Requirement
Print, exactly as they stand, the lines below from the one that has "4235x8932 Barbecue Grill" to the one that has "Old historic public", inclusive, leaving out the pictures.

Data shown
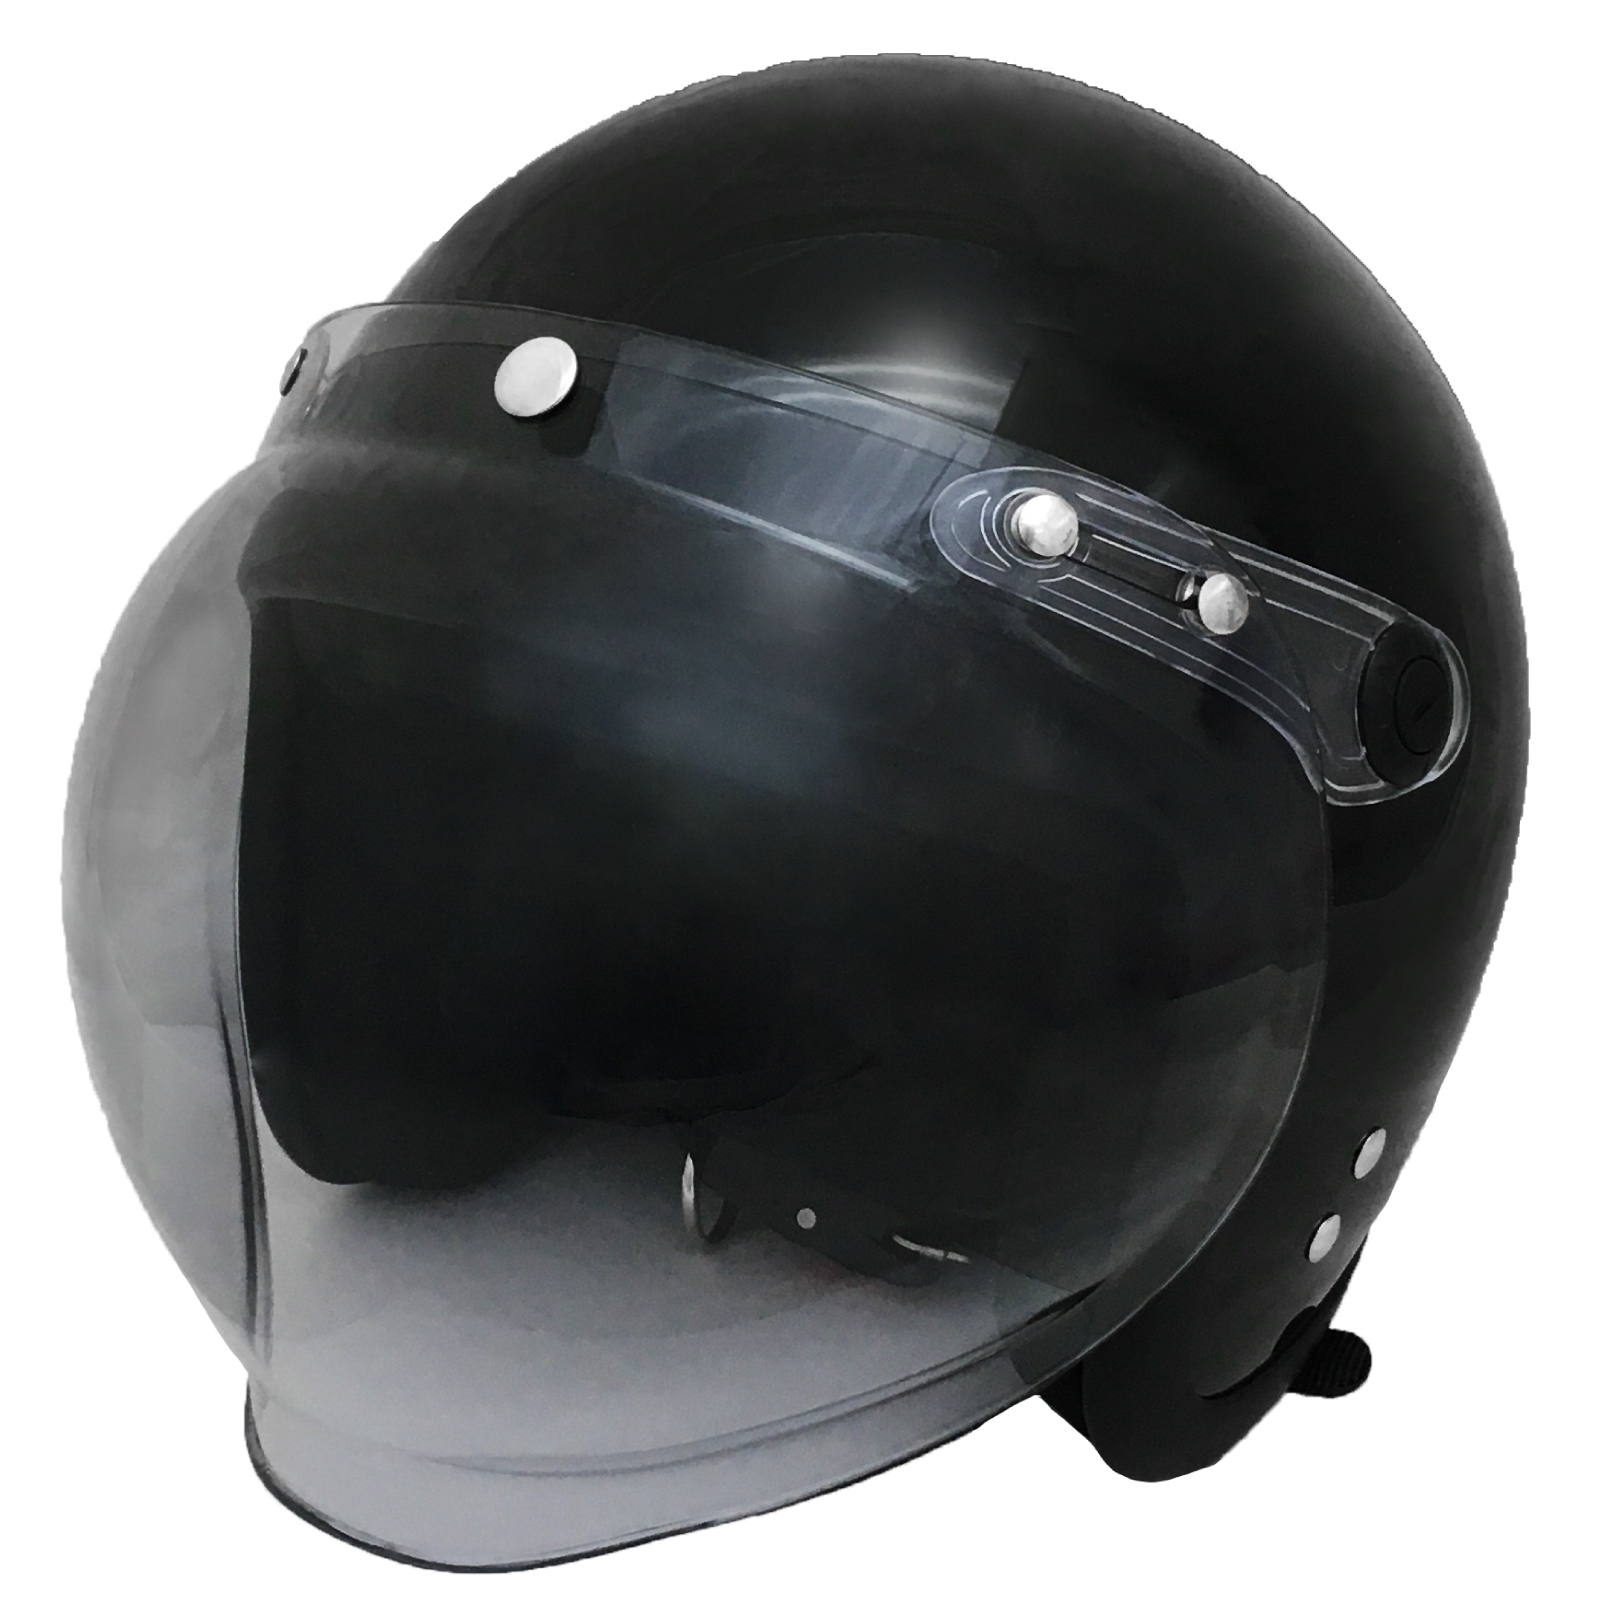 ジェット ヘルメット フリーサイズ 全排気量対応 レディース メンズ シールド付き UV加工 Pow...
* * *
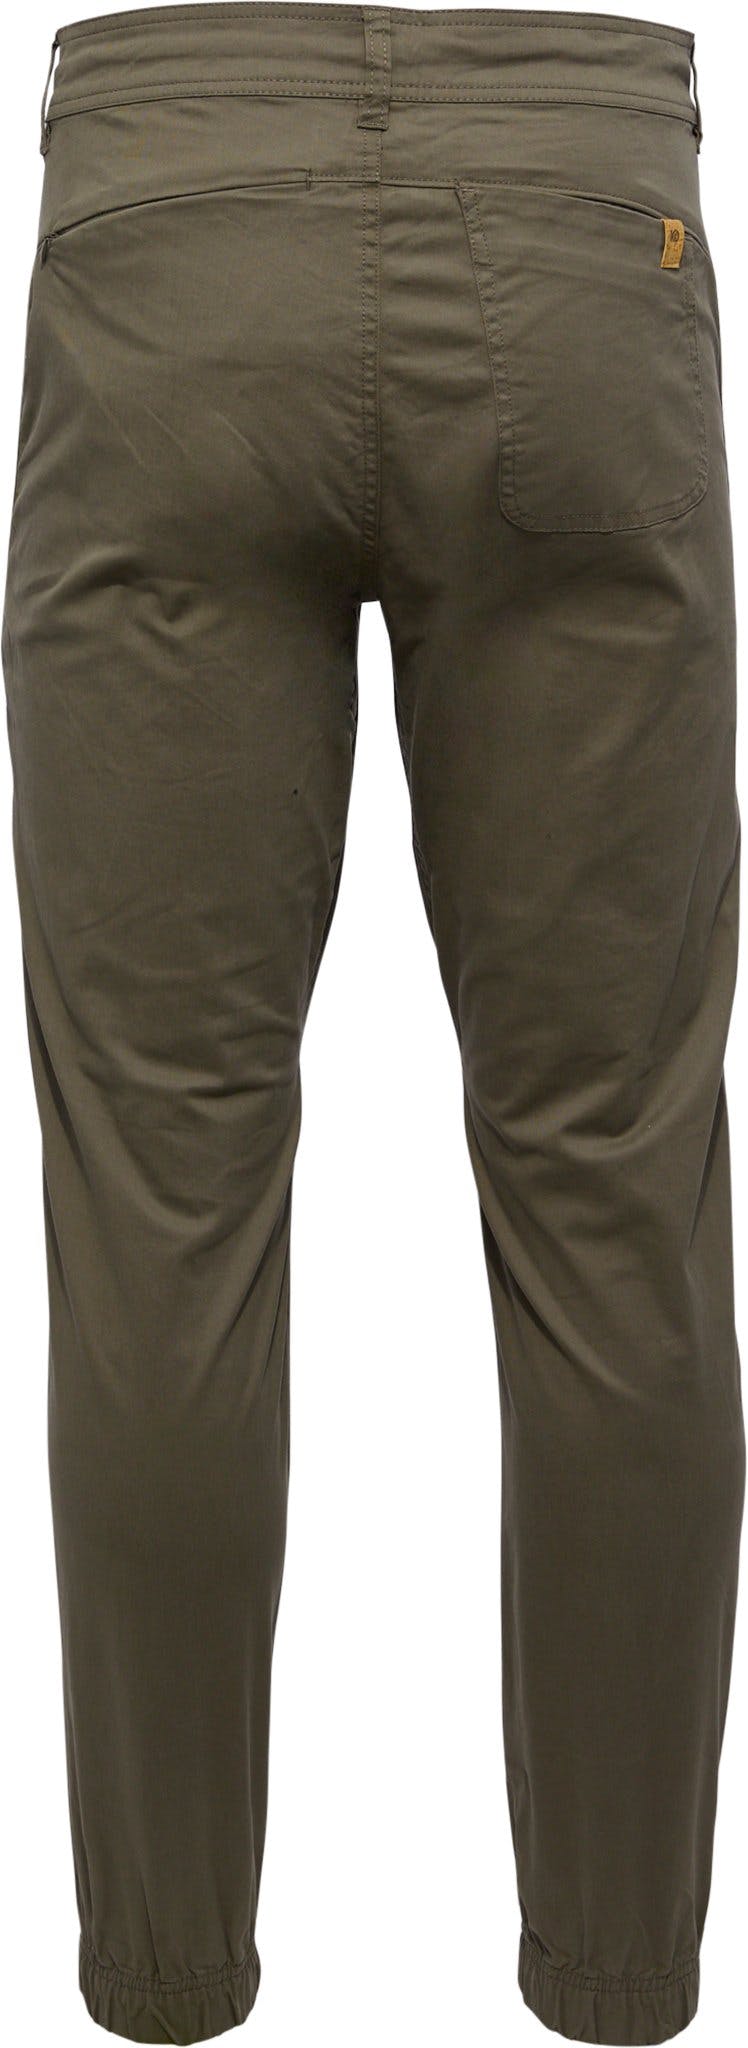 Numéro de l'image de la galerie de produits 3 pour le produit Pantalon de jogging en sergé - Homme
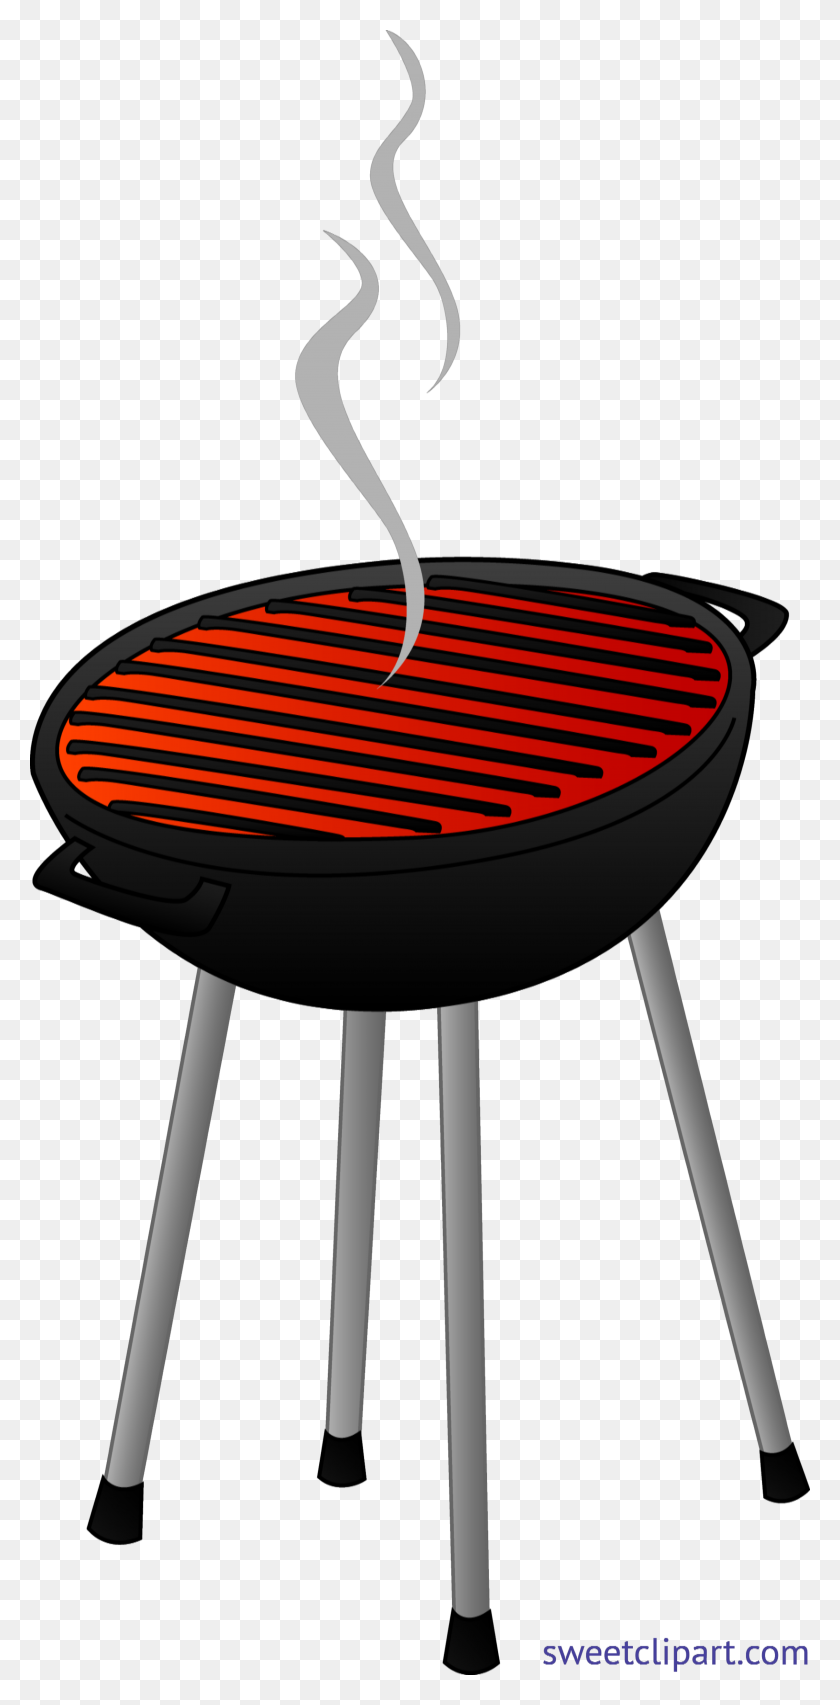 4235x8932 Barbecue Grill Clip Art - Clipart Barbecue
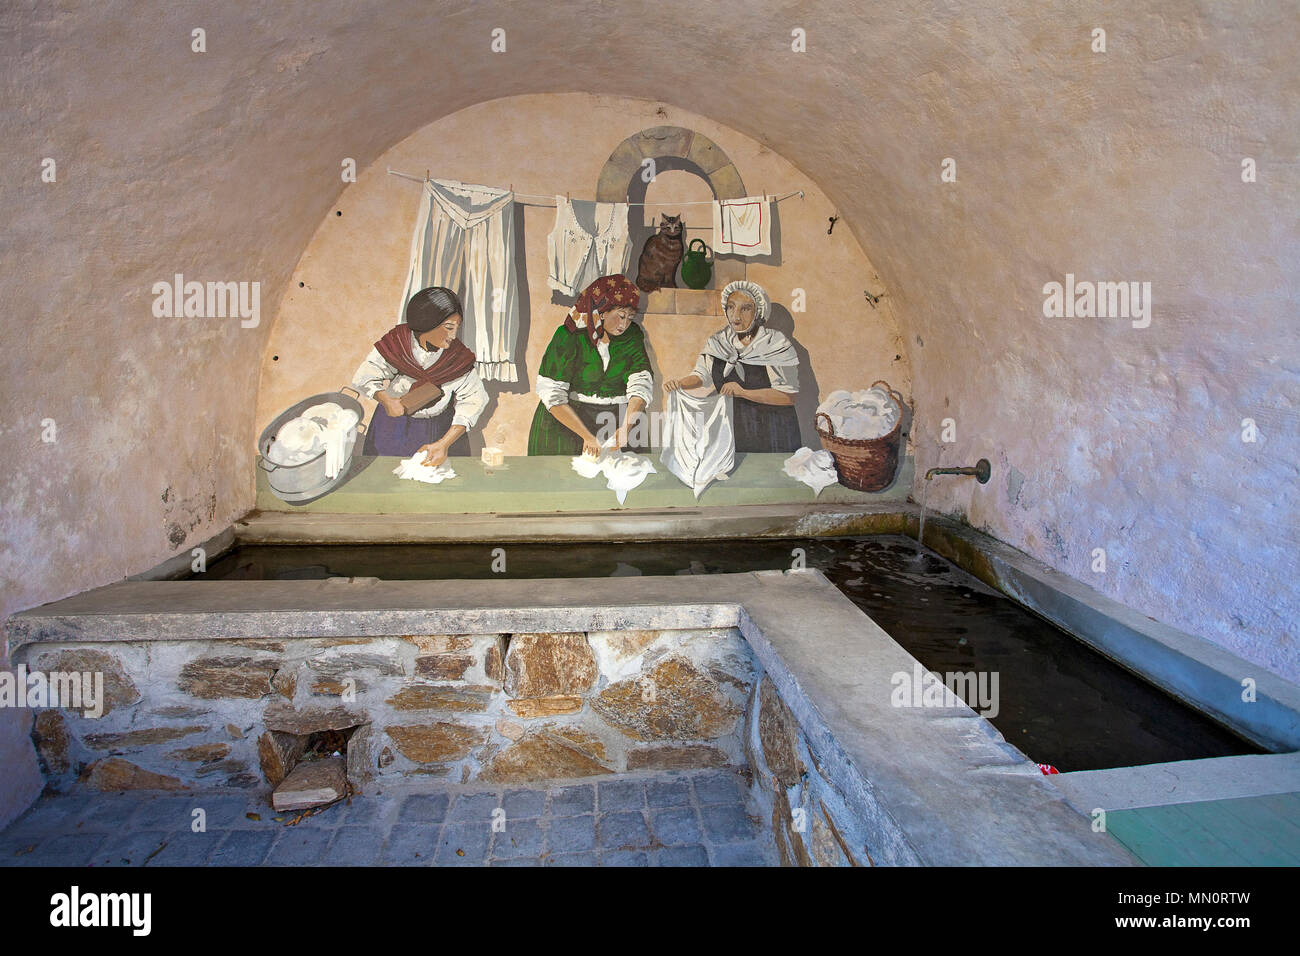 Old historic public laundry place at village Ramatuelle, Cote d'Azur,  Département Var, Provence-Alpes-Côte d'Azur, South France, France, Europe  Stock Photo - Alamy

Exercise solution
 4235x8932 Barbecue Grill Clip Art - Clipart Barbecue
 Old historic public laundry place at village Ramatuelle, Cote d'Azur,  Département Var, Provence-Alpes-Côte d'Azur, South France, France, Europe  Stock Photo - Alamy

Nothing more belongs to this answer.